MP With the uncertain outcome of the adoption, do you feel the film is complete?
PB I don’t believe a documentary is ever complete, since our lives, the source of documentary, are never complete. But as you’ll see in the film, the story grew so that it became much larger than the story of the adoption. It encompassed the story of a woman at a crossroads, willing to risk her career by taking a strong stance with the SS series and away from her popular tableux of naked women. A woman willing to risk her marriage, and her happiness for the love of the twins. It highlighted this incredible artist at work, her drive, her practices, her singular vision. At times could be considered a profile but with a twist.

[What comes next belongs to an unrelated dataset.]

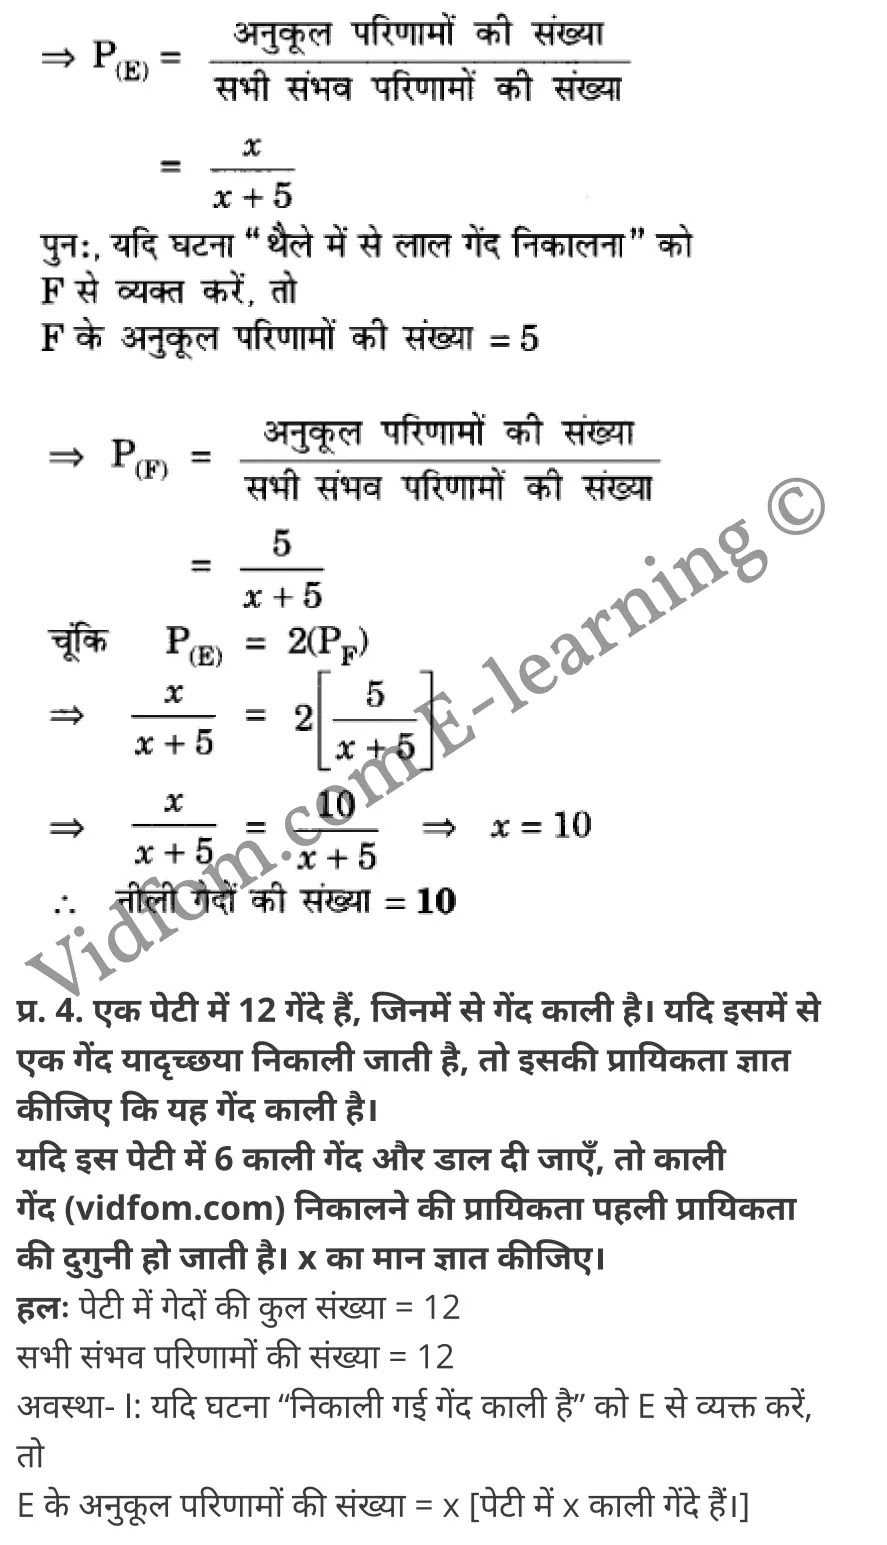 कक्षा 10 गणित  के नोट्स  हिंदी में एनसीईआरटी समाधान,     class 10 Maths chapter 15,   class 10 Maths chapter 15 ncert solutions in Maths,  class 10 Maths chapter 15 notes in hindi,   class 10 Maths chapter 15 question answer,   class 10 Maths chapter 15 notes,   class 10 Maths chapter 15 class 10 Maths  chapter 15 in  hindi,    class 10 Maths chapter 15 important questions in  hindi,   class 10 Maths hindi  chapter 15 notes in hindi,   class 10 Maths  chapter 15 test,   class 10 Maths  chapter 15 class 10 Maths  chapter 15 pdf,   class 10 Maths  chapter 15 notes pdf,   class 10 Maths  chapter 15 exercise solutions,  class 10 Maths  chapter 15,  class 10 Maths  chapter 15 notes study rankers,  class 10 Maths  chapter 15 notes,   class 10 Maths hindi  chapter 15 notes,    class 10 Maths   chapter 15  class 10  notes pdf,  class 10 Maths  chapter 15 class 10  notes  ncert,  class 10 Maths  chapter 15 class 10 pdf,   class 10 Maths  chapter 15  book,   class 10 Maths  chapter 15 quiz class 10  ,    10  th class 10 Maths chapter 15  book up board,   up board 10  th class 10 Maths chapter 15 notes,  class 10 Maths,   class 10 Maths ncert solutions in Maths,   class 10 Maths notes in hindi,   class 10 Maths question answer,   class 10 Maths notes,  class 10 Maths class 10 Maths  chapter 15 in  hindi,    class 10 Maths important questions in  hindi,   class 10 Maths notes in hindi,    class 10 Maths test,  class 10 Maths class 10 Maths  chapter 15 pdf,   class 10 Maths notes pdf,   class 10 Maths exercise solutions,   class 10 Maths,  class 10 Maths notes study rankers,   class 10 Maths notes,  class 10 Maths notes,   class 10 Maths  class 10  notes pdf,   class 10 Maths class 10  notes  ncert,   class 10 Maths class 10 pdf,   class 10 Maths  book,  class 10 Maths quiz class 10  ,  10  th class 10 Maths    book up board,    up board 10  th class 10 Maths notes,      कक्षा 10 गणित अध्याय 15 ,  कक्षा 10 गणित, कक्षा 10 गणित अध्याय 15  के नोट्स हिंदी में,  कक्षा 10 का गणित अध्याय 15 का प्रश्न उत्तर,  कक्षा 10 गणित अध्याय 15  के नोट्स,  10 कक्षा गणित  हिंदी में, कक्षा 10 गणित अध्याय 15  हिंदी में,  कक्षा 10 गणित अध्याय 15  महत्वपूर्ण प्रश्न हिंदी में, कक्षा 10   हिंदी के नोट्स  हिंदी में, गणित हिंदी  कक्षा 10 नोट्स pdf,    गणित हिंदी  कक्षा 10 नोट्स 2021 ncert,  गणित हिंदी  कक्षा 10 pdf,   गणित हिंदी  पुस्तक,   गणित हिंदी की बुक,   गणित हिंदी  प्रश्नोत्तरी class 10 ,  10   वीं गणित  पुस्तक up board,   बिहार बोर्ड 10  पुस्तक वीं गणित नोट्स,    गणित  कक्षा 10 नोट्स 2021 ncert,   गणित  कक्षा 10 pdf,   गणित  पुस्तक,   गणित की बुक,   गणित  प्रश्नोत्तरी class 10,   कक्षा 10 गणित,  कक्षा 10 गणित  के नोट्स हिंदी में,  कक्षा 10 का गणित का प्रश्न उत्तर,  कक्षा 10 गणित  के नोट्स, 10 कक्षा गणित 2021  हिंदी में, कक्षा 10 गणित  हिंदी में, कक्षा 10 गणित  महत्वपूर्ण प्रश्न हिंदी में, कक्षा 10 गणित  हिंदी के नोट्स  हिंदी में, गणित हिंदी  कक्षा 10 नोट्स pdf,   गणित हिंदी  कक्षा 10 नोट्स 2021 ncert,   गणित हिंदी  कक्षा 10 pdf,  गणित हिंदी  पुस्तक,   गणित हिंदी की बुक,   गणित हिंदी  प्रश्नोत्तरी class 10 ,  10   वीं गणित  पुस्तक up board,  बिहार बोर्ड 10  पुस्तक वीं गणित नोट्स,    गणित  कक्षा 10 नोट्स 2021 ncert,  गणित  कक्षा 10 pdf,   गणित  पुस्तक,  गणित की बुक,   गणित  प्रश्नोत्तरी   class 10,   10th Maths   book in hindi, 10th Maths notes in hindi, cbse books for class 10  , cbse books in hindi, cbse ncert books, class 10   Maths   notes in hindi,  class 10 Maths hindi ncert solutions, Maths 2020, Maths  2021,

MP In addition to the footage from Sudan, you also accompanied Vanessa to the Venice Biennale to film her last performance, VB61 that was a commentary on the genocide in Sudan. How do you feel this performance was relevant to the film and her pursuit to adopt the twins?
PB I won’t give away the end of the film, but there is a realization, an actualization (I don’t understand what she means by actualization) in VB61 that I felt brought some rest, some conclusion to Vanessa’s sixteen-month journey that I filmed.
MP Whenever an artist finishes a project, there is always that damn question at the end: what’s next?
Ah yes. For me, I have a number of ideas. Here in New Zealand, one involves following a human rights abuse case between the government and local Maori (New Zealand’s indigenous peoples). I am also working on a number of international films including one that has long been mulled over, about redheads. Being a redhead myself I’ve always wanted to explore our little subgroup of earth.